So I do have some news on the earlier subject. I've received the disks
for UniPlus yesterday and was able to image them.
I'm wondering if temperature had anything to do with it. They sat
outside my house (in the box) for a few hours and were obviously cold
when I read them. I disregarded the usual good idea of acclimation and
immediately attempted to image them, mostly because I keep an air
conditioner on at all times in my computer room (which of course in this
weather acts as a fan). So if anything, the difference between the
machine and the disks was less than 20F.
All of the disks read just fine, with the exception of a single disk,
which initially failed to read after about the 1st 10 tracks, but later,
after I finished imaging the rest of them, I retried it, and that disk
worked. I suspect that either the lower temperature helped, or perhaps
that one disk that initially failed had some dust which was loosened and
allowed to it read the second time around.

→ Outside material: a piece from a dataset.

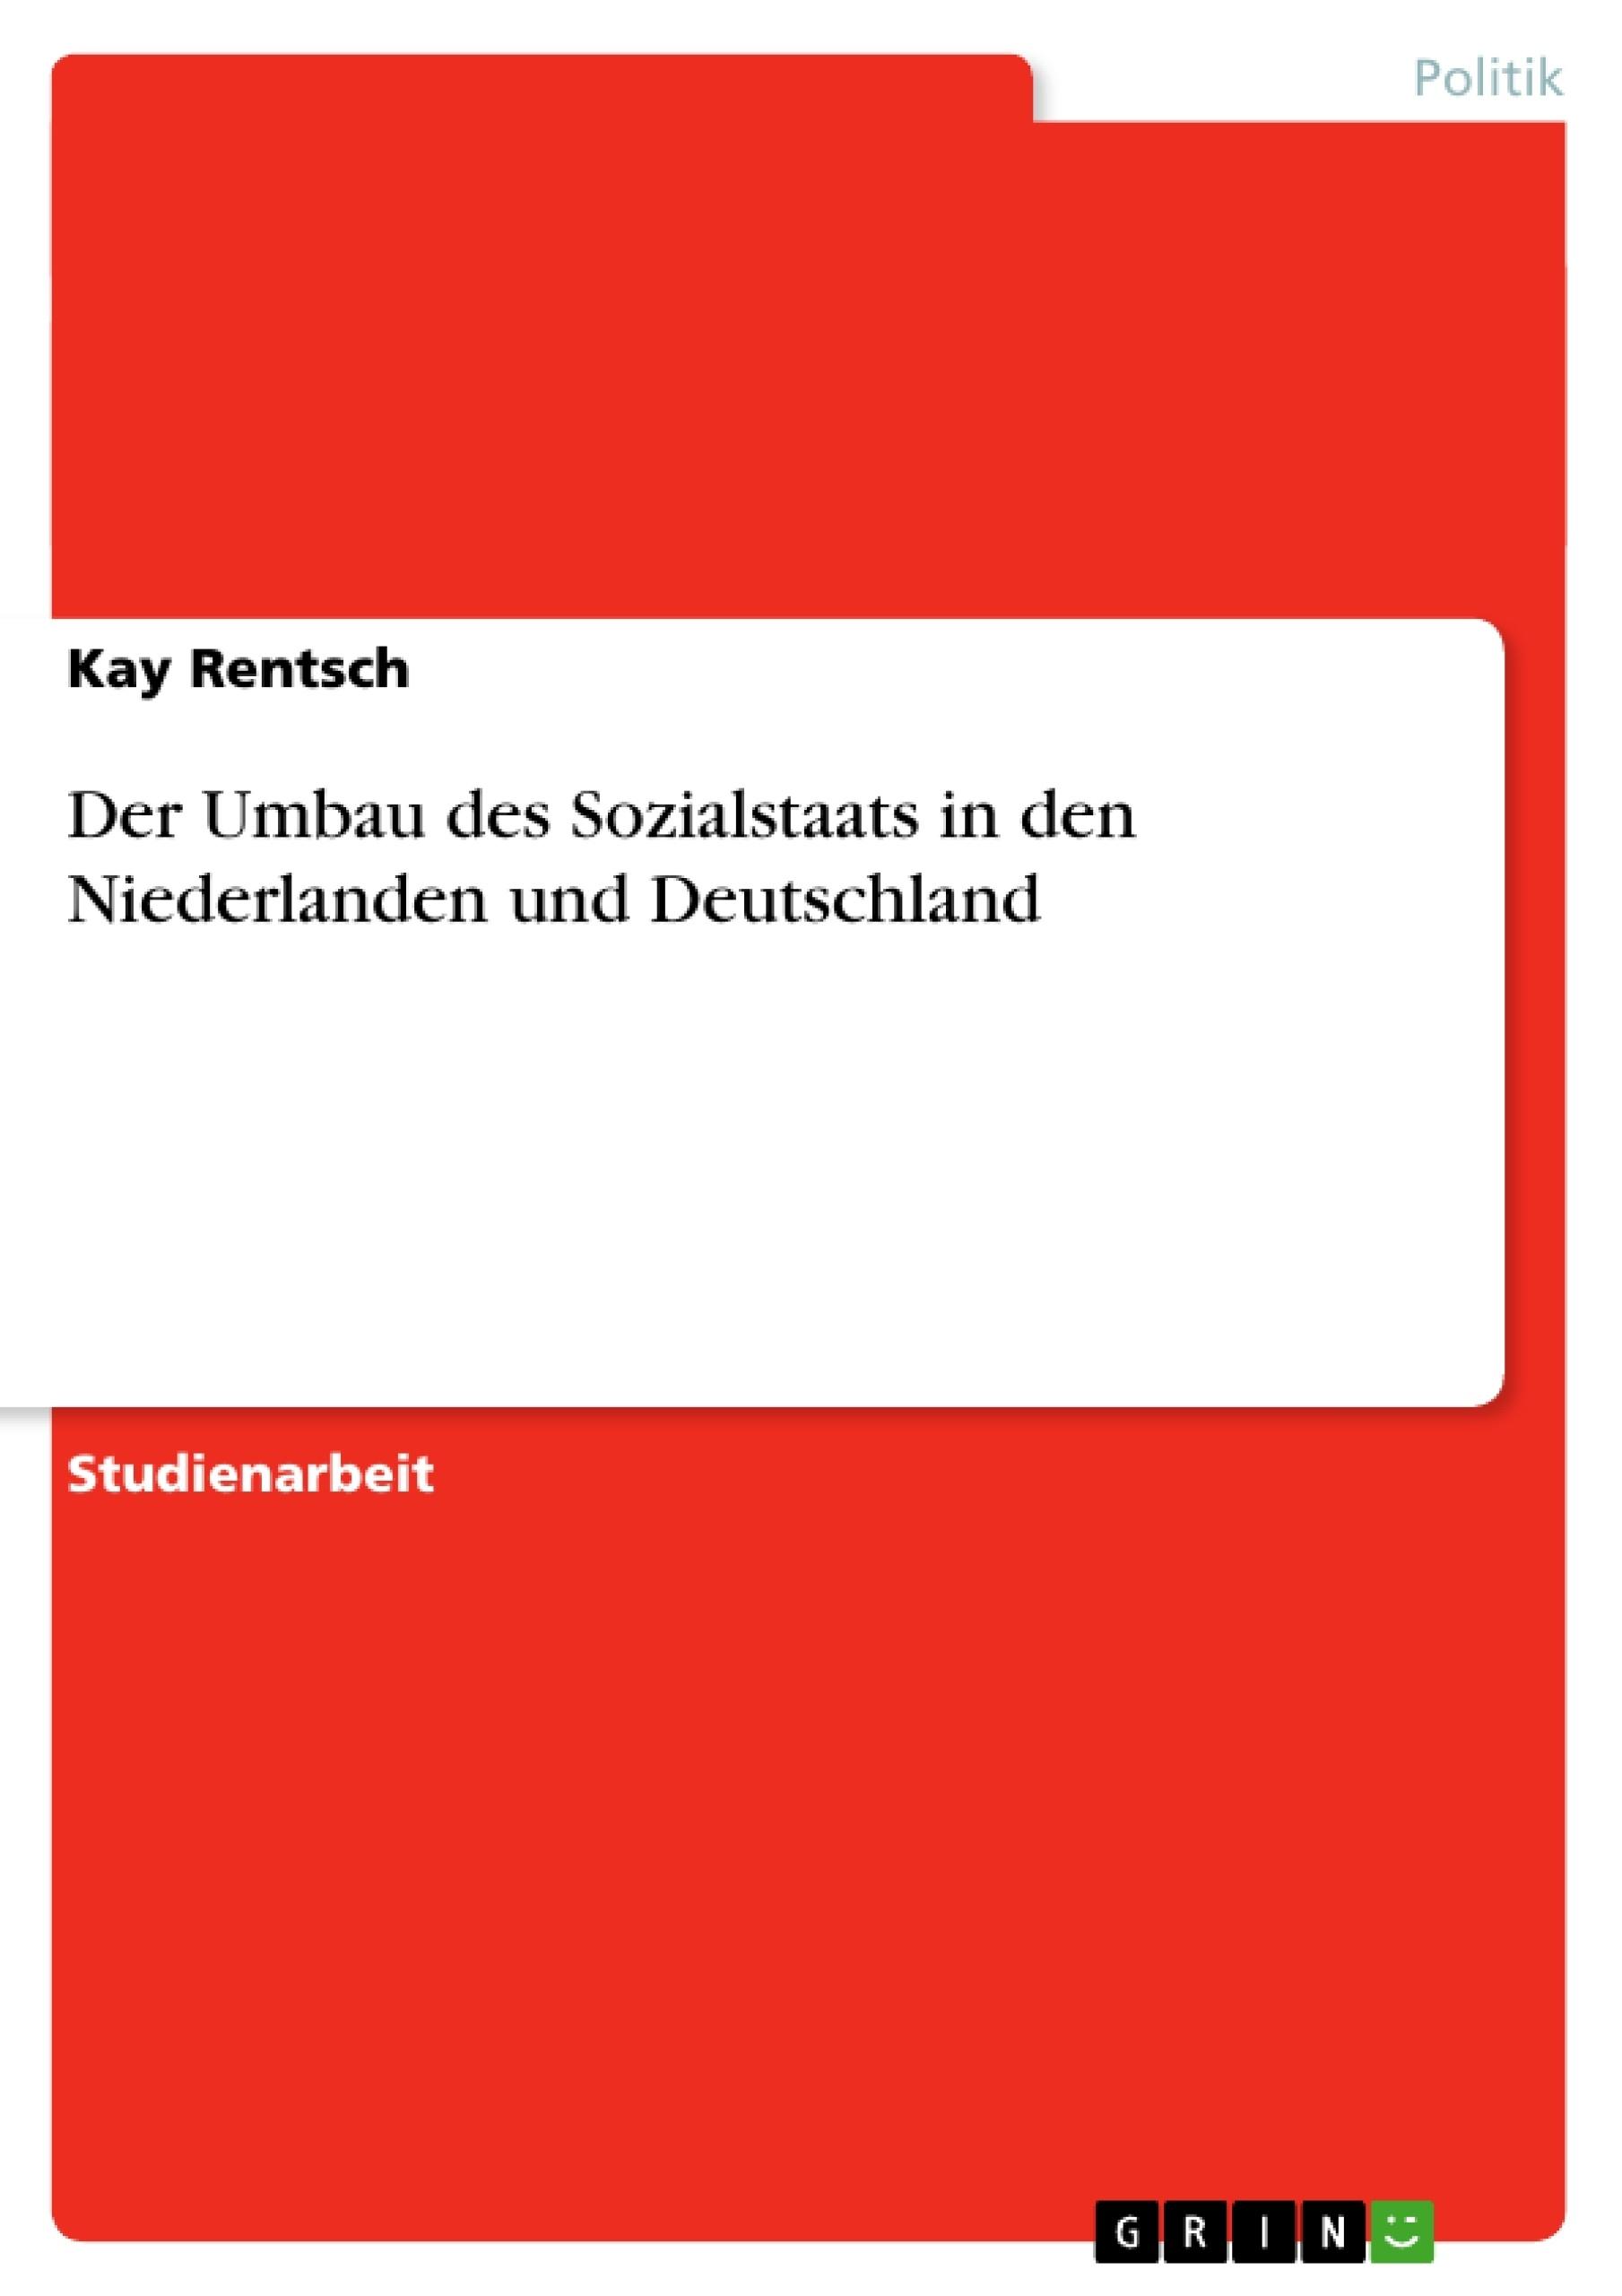 Titel: Der Umbau des Sozialstaats in den Niederlanden und Deutschland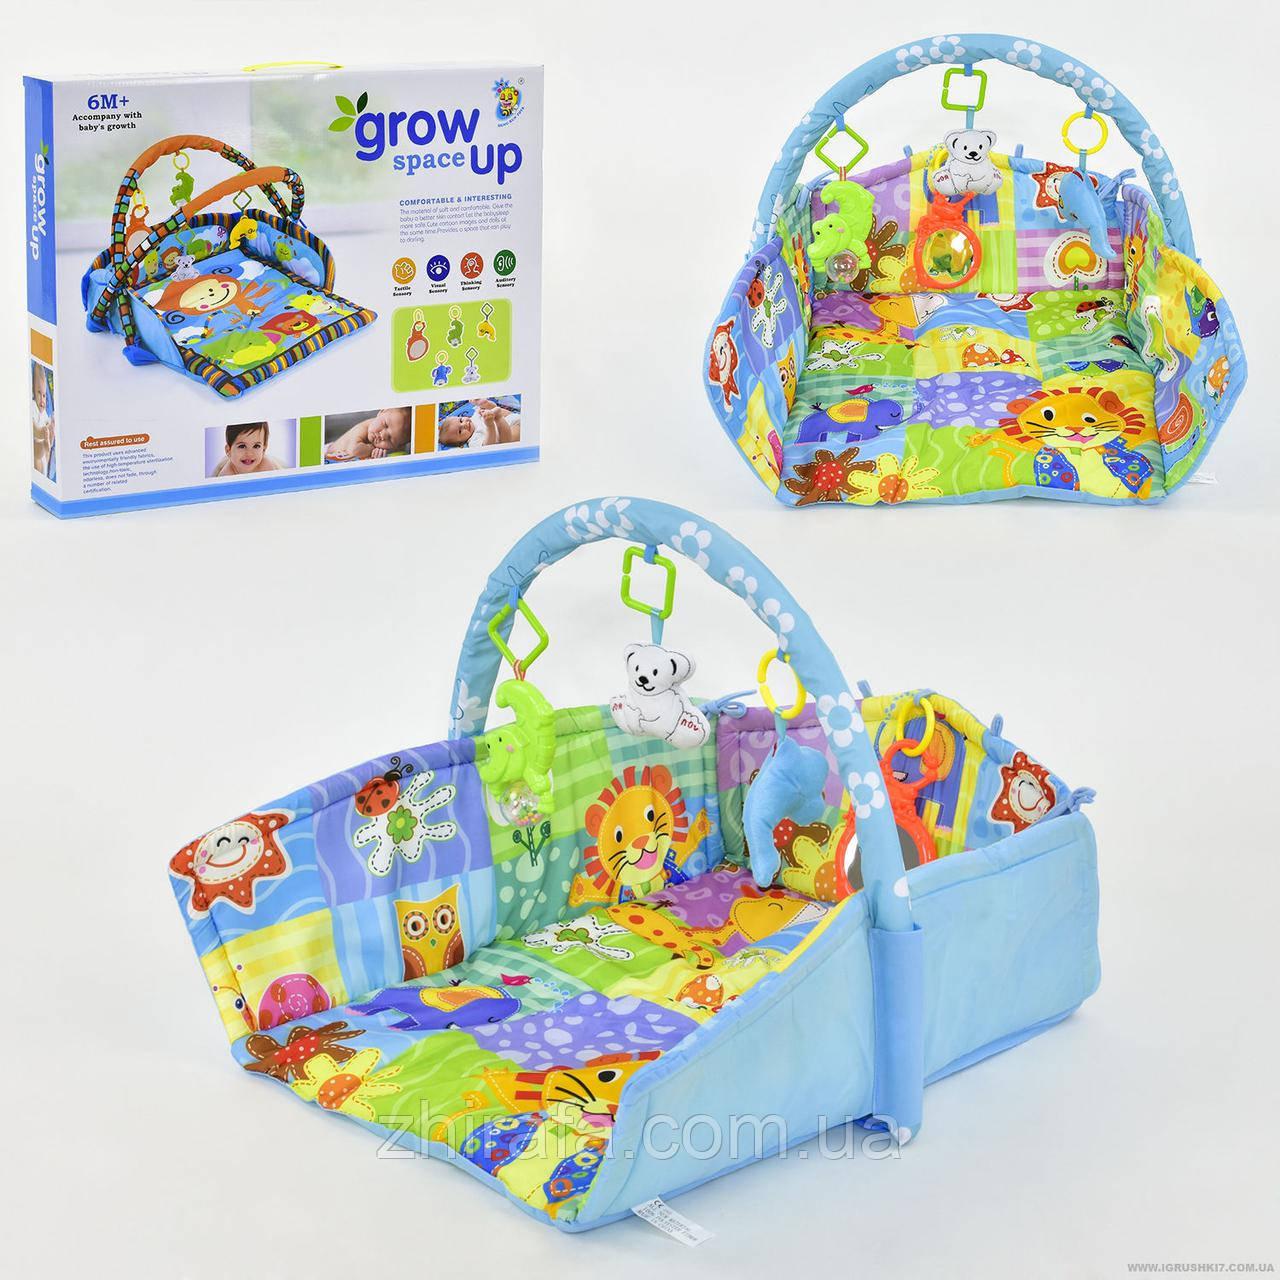 Игровой Развивающий коврик для младенцев с бортиками Grow space up

I'm loathe to mess with these disks anymore as I need to return them to
their owner, and don't want to expose them to any more risk.
This isn't a very large test set since I didn't attempt reading them at
various temperatures and with different drives/machines. Maybe I'll try
just one of the disks to see if it reads at warmer temperatures, but
it's an interesting hypothesis anyway. Maybe if I find a set of
slightly bad non-critical disks in my collection, I can try this again
with those at varying temperatures.
So I'm wondering if temperature has any affect on media readability.
To wildly jump to a conclusion here, would colder temperatures stiffen
the media, making it easier to read? Certainly they would cause the
metal in the center of the cookie to contract, but would it have the
same effect on the plastic or whatever's under the magnetic coating?
(NOTE: I'm not suggesting that if you have fragile unreadable media that
you should try this, I'm only asking if this is a possibility. Don't
risk it based on this single one-off sample! There's always the danger
that the plastic does stiffen and in doing so may cause the magnetic
coating to flake off?)
(Of course a much simpler explanation is that the disks were originally
read with a marginal drive, possibly misaligned or dirty.)
There were a few other factors that I'm wondering about. The media was
written by a 400K GCR floppy drive in the Lisa. These of course have a
larger r/w head. The drives vary the motor speed depending on the track
number - there are 4 speeds for these drives.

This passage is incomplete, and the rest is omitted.